Where: Wheeler Opera House
When: Friday, March 18, 5:30 p.m. (reception); 7:30 p.m. (screening)
Cost: $25/GA; $50 reception and screening
Tickets: Wheeler box office; www.aspenshowtix.com
More info: A post-screening discussion will include director James Brundige and concervationist Harvey Locke. Wilderness Workshop and Gravity Promotions will host an after-party at the Crystal Palace from 9 p.m. to 2 a.m.
Phrases like “connectivity conservation” aren’t the most visually captivating in the English language. So when Old Snowmass-based filmmaker James Brundige set out to make a documentary about the shrinking habitat for wildlife on Earth, and efforts to connect migration paths broken up by human development, he decided to focus on big, beautiful animals that we all love.
Elephants, bison, bulls, wolves, bears, lions and zebras are among the stars of his new film, “Wildways: Corridors of Life.”
“These are the large, charismatic animals that people automatically love and respond to,” Brundige said. “That’s to give people an emotional connection to connectivity.”
He and his team also enlisted a graphic artist who could use satellite imagery to powerfully illustrate the phenomenon on a larger scale.
“Wildways” outlines how roads and human developments have cut apart and taken over large mammals’ home turf, creating “islands of habitat” in the form of parks and preserves. Rather than solving the problem, even large preserves such as Yellowstone National Park at 3,500 square miles aren’t large enough or connected enough to allow animals to sustain themselves naturally.

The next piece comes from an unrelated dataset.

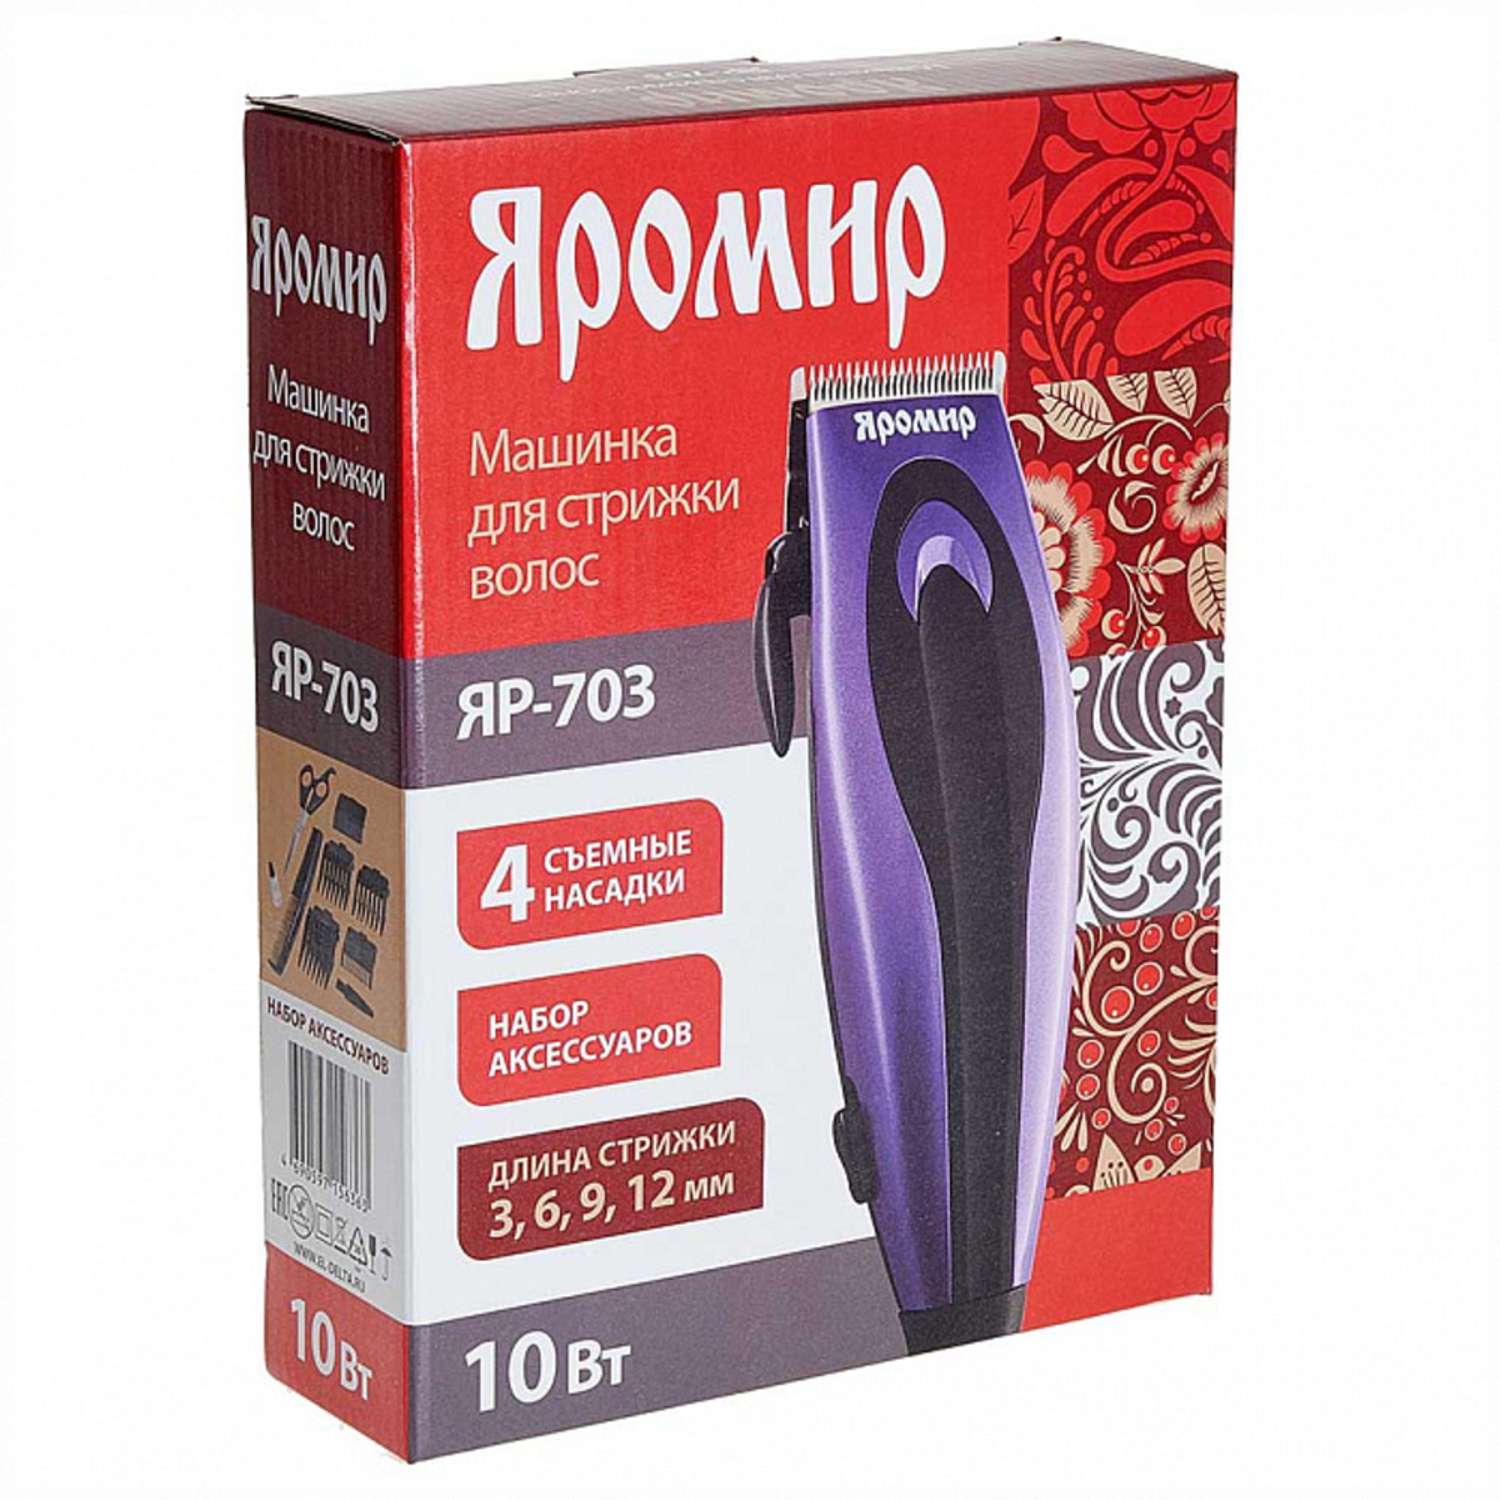 Машинка для стрижки волос Яромир ЯР-703 фиолетовый 10Вт 4 съемных гребня - фото 3

“Most of them are too small to protect the native biodiversity that they’re set up to protect,” Stephen Woodly of Parks Canada says in the film.
Adds Brundige, “We thought they were going to be a Noah’s Ark in a sea of humanity.”
The film follows scientists and conservationists, from Yellowstone to the Serengeti, who are trying some innovative solutions to make room for wildlife — tracking them and trying to cut new paths that could help them thrive again.
“Wildways” will premiere at the Wheeler Opera House today. It will be broadcast nationally on the popular PBS science series “NOVA” on April 20 as the program’s Earth Day special.
“It’s very different from your average ‘NOVA,’” Brundige said. “But we thought it would be a good vehicle, because it gets beyond our normal conservation audience.”
Brundige, whose First Light Films has been based in Snowmass since 1994, began what would become “Wildways” on the tail end of making “Forever Wild.” That 2009 documentary, which was also broadcasted on PBS, focused on the American wilderness system. He began working on a chapter for that film about the importance of connecting wildlife habitat. But he soon realized that the subject demanded its own movie.
“In making that film, we came to understand that the American parks and wilderness system is necessary but not sufficient,” Brundige said.
So he embarked on a five-year journey to make “Wildways.” He began in Yellowstone, studying the heralded Yellowstone to Yukon Conservation Initiative. That ambitious nonprofit project is seeking to connect habitat through the North American mountain west to the Yukon. Brundige calls it “the mother of all connectivity projects.”
“They’ve really started to make some progress on the ground,” he said. “So we started there.”
From there he went to Africa and found conservationists attempting to protect the migration path of the largest elephant herd in the world.
In a place like Aspen, surrounded by swaths of wilderness and wildlife, the film is likely to hit close to home. News stories here regularly chronicle the diminishing numbers of the local deer and elk herds, and the installation of elk fencing on Highway 82 to prevent wildlife-versus-car crashes has cut off the herd’s ability to move from Missouri Heights across the highway toward the Crown Mountain area.
Connectivity advocates like those featured in “Wildways” would recommend a wildlife overpass in such an area.
“It would be great to have a successful corridor and crossing structure to be able to move between those two areas,” Brundige said.
Carbondale’s Wilderness Workshop, which is hosting today’s screening, is pushing for wildlife overpasses on Vail and Wolf Creek passes, Brundige noted. Brundige is hopeful the film will inform local and regional audiences who may have first-hand experience with such issues, as well as a global audience that may be further removed.
“I would like everyone to understand the need for connectivity and for more habitat to be protected,” Brundige said. “I’m very much of the belief to think globally and act locally. So I’m hoping it works on both levels.”
Next, Brundige has his eye on making a film about the Stockholm Resilience Center in Sweden, and its holistic approach to global conservation. But for a while he’ll be on the road with “Wildways,” with screenings planned in Jackson Hole, Banff, Austin and elsewhere this spring.